Whenever you have a problem, what is the first thing that you do?

If you are like most people, you worry.

However, is worrying even worth it?

The short answer is no.

When used minimally, worrying can help a person solve a problem.

Sadly, most people do not use worrying to solve a problem. They use it to dwell on threats, consequences, and life problems.

Let’s say you send a sensitive email to your boss, and you are waiting for a response. You try to remain patient, but after 10 minutes you start to worry. Should I have sent that email? Why did I use that word? Ugh. What if I get fired for this? What if she judges me?

After one hour of worrying, you have still not gotten a response.

Worrying is not a super-power. If you worry for one hour, your problem will not be magically solved. Worrying only fatigues you.

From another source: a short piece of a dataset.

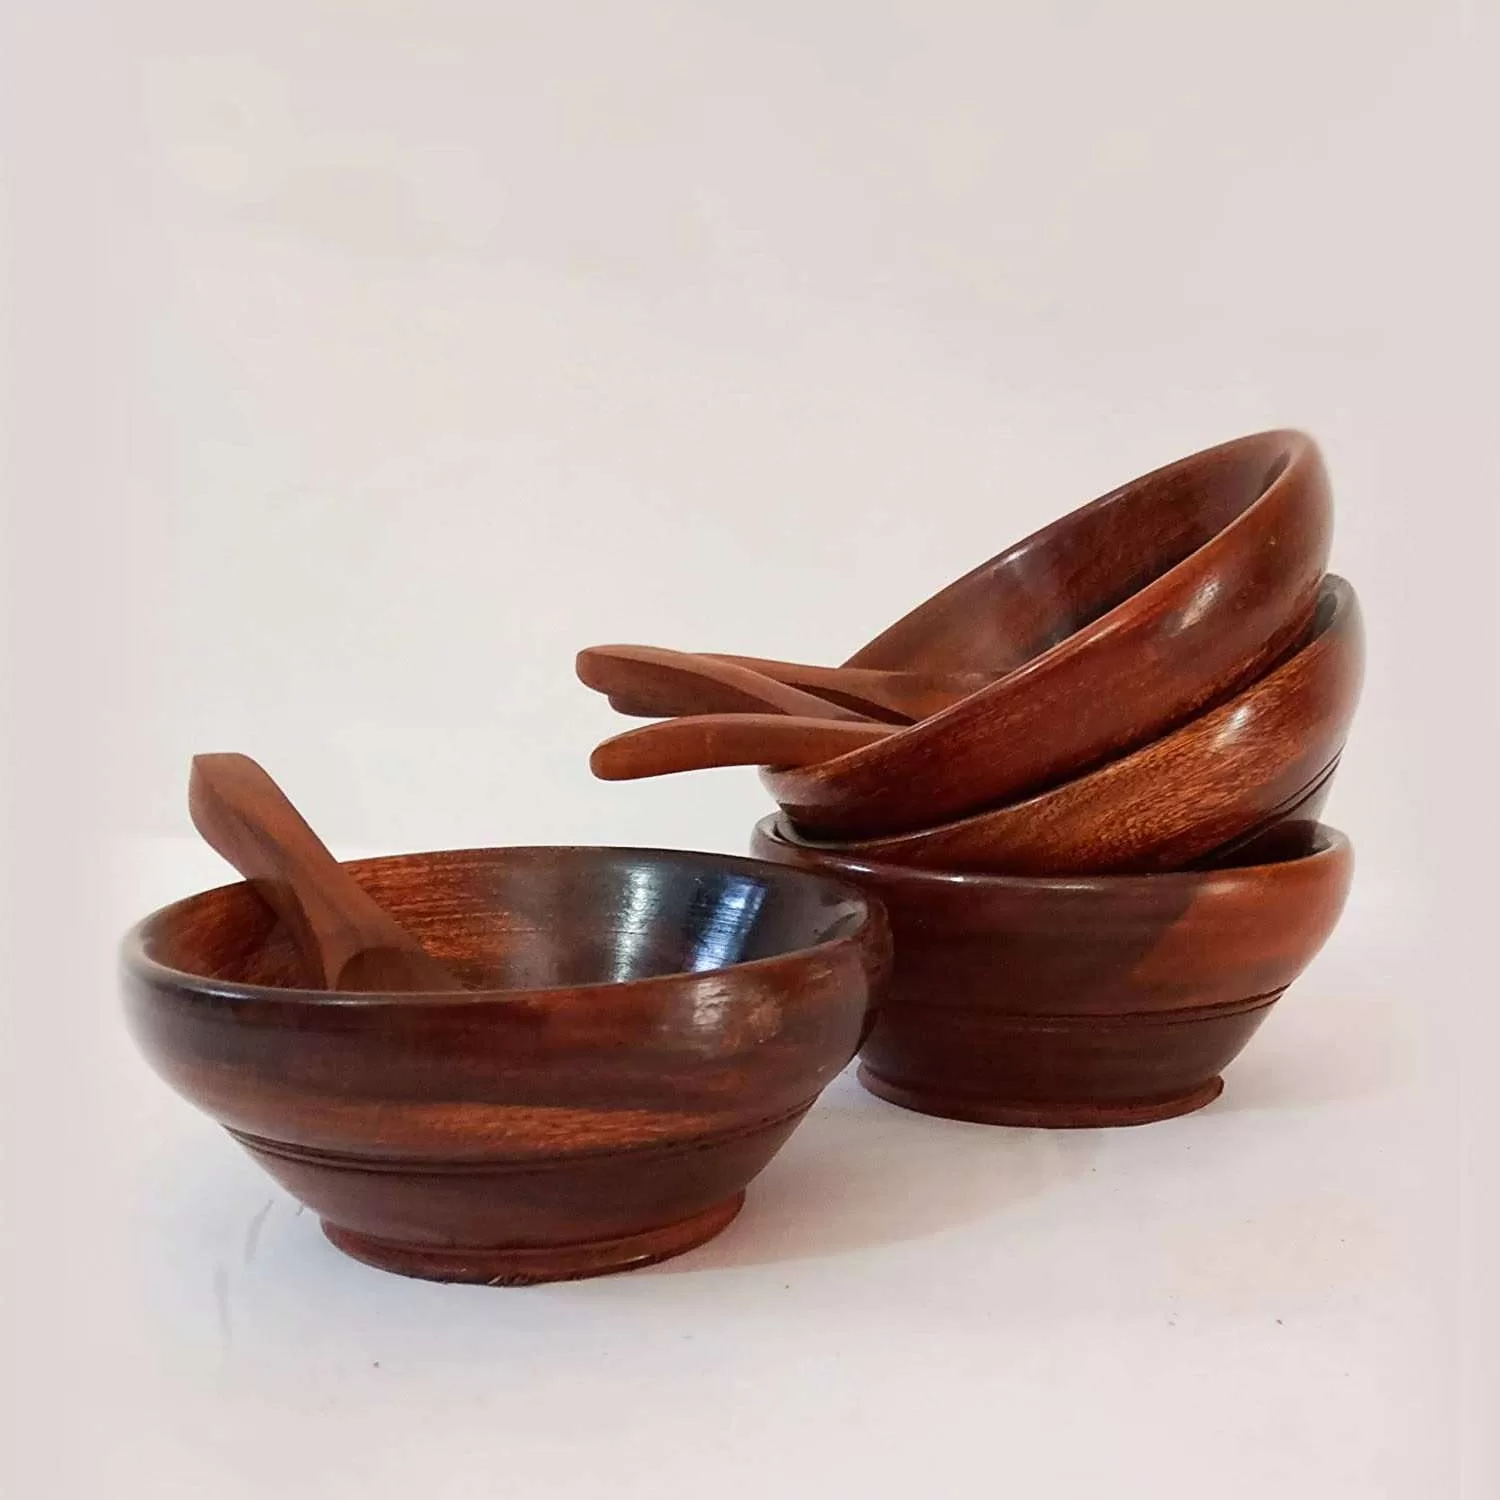 bulk wooden bowls
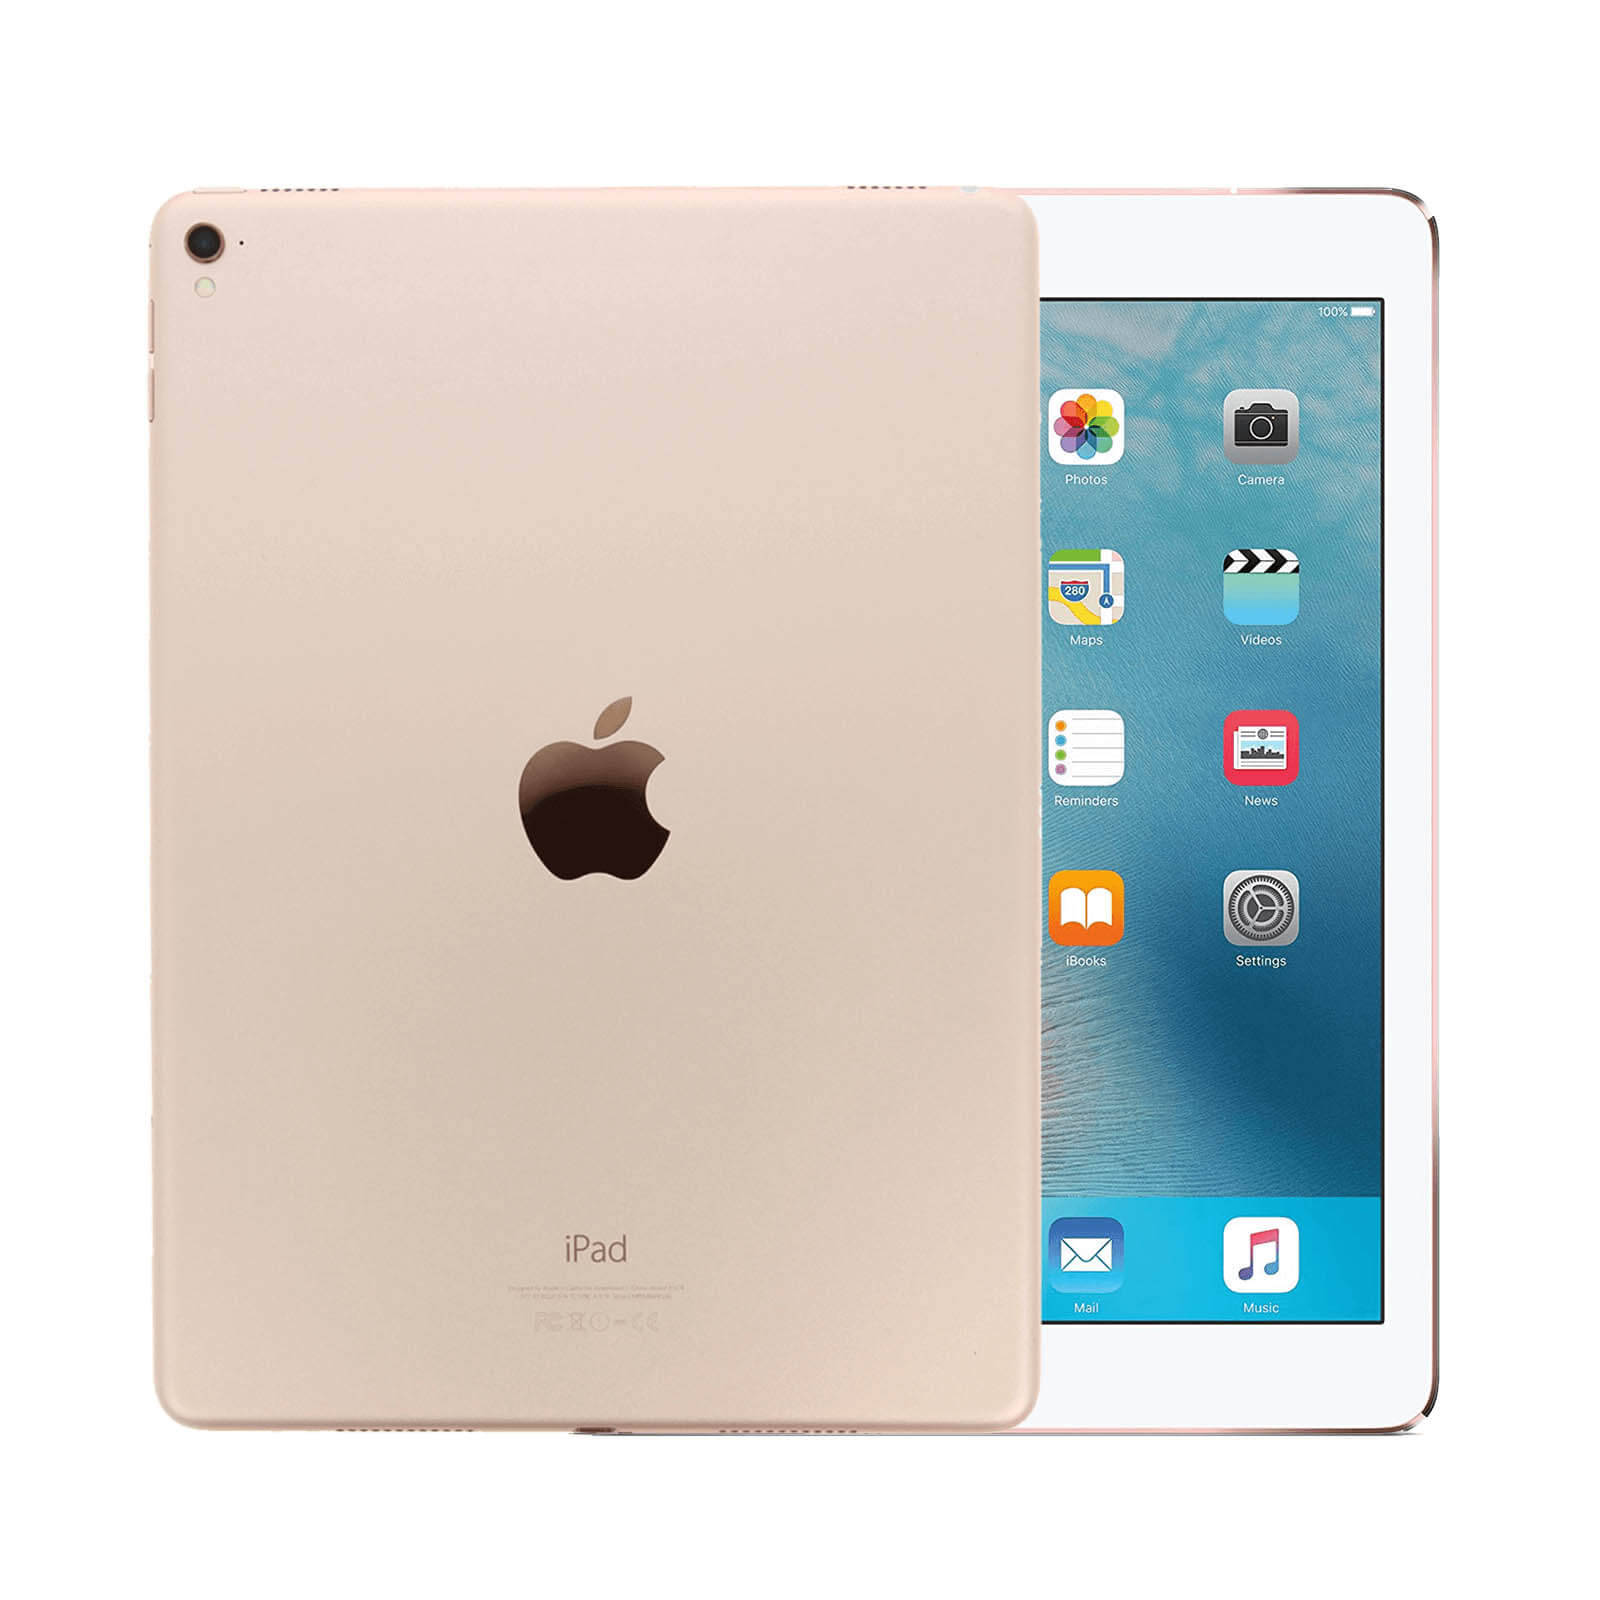 iPad Pro 9.7 Inch 128GB Gold Fair - WiFi

Below are some useful quotes on worrying:

“Never let the future disturb you. You will meet it, if you have to, with the same weapons of reason which today arm you against the present.” – Marcus Aurelius

“Sorrow looks back, Worry looks around, Faith looks up.” – Ralph Waldo Emerson

“We tend to be preoccupied by our problems when we have a heightened sense of vulnerability and a diminished sense of power. Today, see each problem as an invitation.” – John Ortberg

“Worry is the product of feverish imagination working under the stimulus of desires. It is a living through of sufferings which are mostly our own creation. Worry has never done anyone any good, and it is very much worse than mere dissipation of psychic energy, for it substantially curtails the joy and fullness of life.” – Meher Baba

“Worrying about outcomes over which I have no control is punishing myself before the universe has decided whether I ought to be punished.” – Sherry Thomas

You can have problems without worrying.